Attribution-Based Detection

A more reliable approach uses semantic similarity between answer spans and source chunks. Chunk-level attribution assigns each answer sentence a maximum similarity score against all retrieved chunks.

from sklearn.feature_extraction.text import TfidfVectorizer
from sklearn.metrics.pairwise import cosine_similarity
import numpy as np

def sentence_attribution(
    answer: str,
    context_chunks: List[str],
    threshold: float = 0.3
) -> List[dict]:
    """Score each answer sentence against retrieved context."""
    sentences = answer.split('. ')
    
    if not context_chunks:
        return [{"sentence": s, "attribution_score": 0.0, "flagged": True} 
                for s in sentences if s.strip()]
    
    vectorizer = TfidfVectorizer()
    all_texts = context_sentences = [answer] + context_chunks
    vectorizer.fit(all_texts)
    
    answer_vec = vectorizer.transform([answer])
    context_vecs = vectorizer.transform(context_chunks)
    
    similarities = cosine_similarity(answer_vec, context_vecs).flatten()
    max_similarity = np.max(similarities)
    
    return {
        "max_attribution": max_similarity,
        "flagged": max_similarity < threshold,
        "context_scores": similarities.tolist()
    }

Failure Modes to Watch

A common failure mode is contextual hallucination where the model correctly reads the chunk but infers unsupported conclusions.
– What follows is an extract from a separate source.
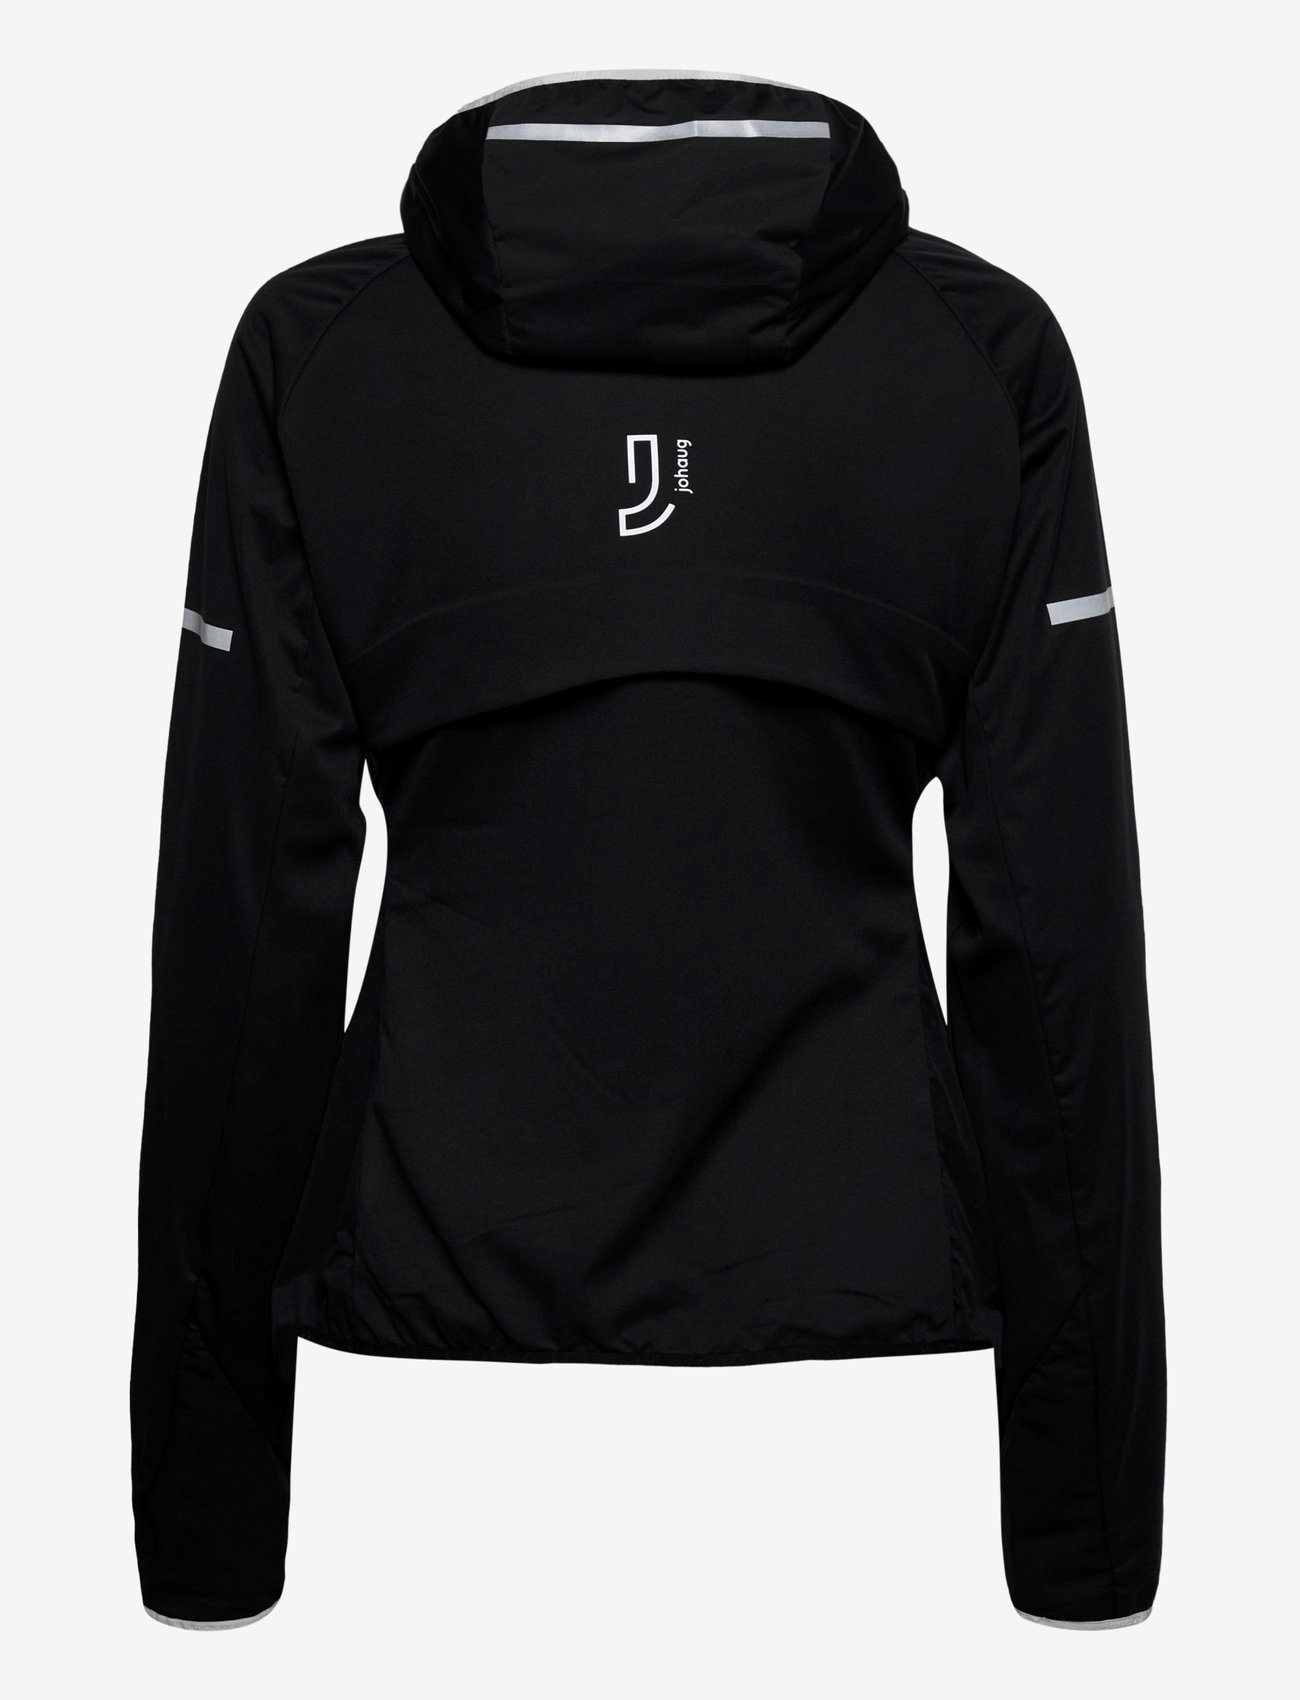 Johaug - Concept Jacket - vabaõhu- ja vihmajoped - tblck - 1

Another failure mode involves numbers—models often hallucinate specific statistics while surrounding text remains accurate. Temporal hallucination occurs when dates or sequences are fabricated.

EXERCISE

Implement a hybrid detection pipeline that combines entity extraction with semantic similarity scoring. Run the pipeline against your last 50 production queries and identify which detection method catches more suspicious answers.